LABOUR PARTY CHAIRMAN Colm Keaveney has said that the cut to €10 in child benefit in the Budget is still up for negotiation ahead of the vote which will confirm the cut this week.
TDs will vote on many of the social welfare aspects of the Budget this week with the controversial cut in child benefit from €140 to €130 among the measures that will be votedn.
But Keaveney is pushing for it to be reconsidered, saying he has “grave concerns” about the impact of the Budget. He has written to Labour members across the country, seeking their views on Budget 2013.
He was speaking on Newstalk’s The Sunday Show where he was addressing Labour backbenchers’ concerns over certain budget measure, he said that the government did not make the “correct choices” in some areas of the Budget.

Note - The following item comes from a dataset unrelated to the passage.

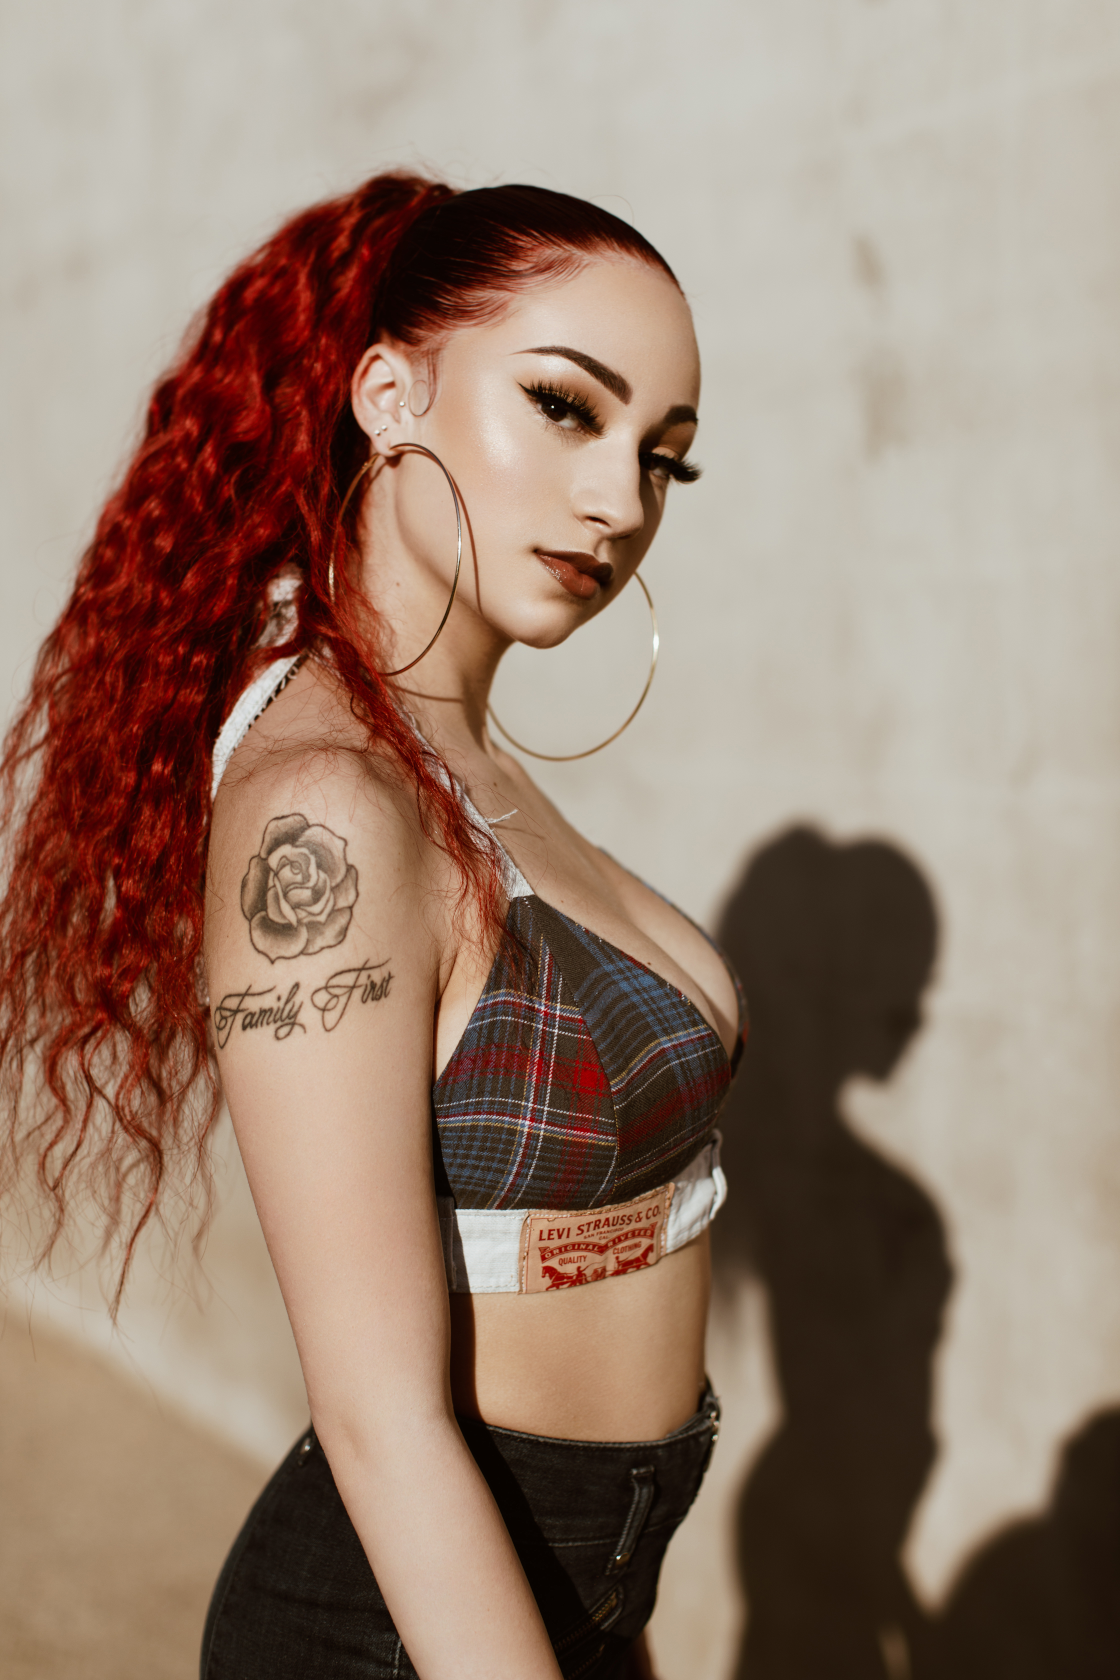 BHAD BHABIE RETURNING TO AUSTRALIA & NEW ZEALAND IN APR-MAY FOR HEADLINE TOUR

While “many aspects of it that are progressive” Keaveney said there were other aspects which were “regressive” and said that he was worried about the “cumulative effect on working families” the child benefit cut and the PRSI changes will have.
“We had choices in the budget and in certain areas we didn’t make the correct choices,” the Galway East TD said.
He continued: “It’s my view that we have to go back and spend our effort, our time, our energy to ensure that we alleviate the impact on low income families in society.”
Keaveney had previously raised concerns that Labour Cabinet ministers gave up on their demand for a three percentage point increase in the Universal Social Charge on people earning over €100,000, a measure not contained in Wednesday’s Budget.
He said: “Prior to the budget being framed we were led to believe that the best mechanism to attract revenue was through the Universal Social Charge.
“I am surprised that we lost that opportunity to try and secure revenue from high-paid public servants in order to secure and underpin the protection of social protection and we failed to do that.”
Keaveney continued: “I believe that the government have failed to capture the public opinion on this issue with respect to social solidarity and ensuring that those who could and should pay more could’ve paid more.”
Asked directly whether he would vote for the Budget and the social welfare bill as currently constituted Keaveney did not commit either way, saying it was “not the game I play”.
Despite both the Taoiseach and the Tánaiste saying that the Budget would not be changed, Keaveney added: “I keep hope alive always.”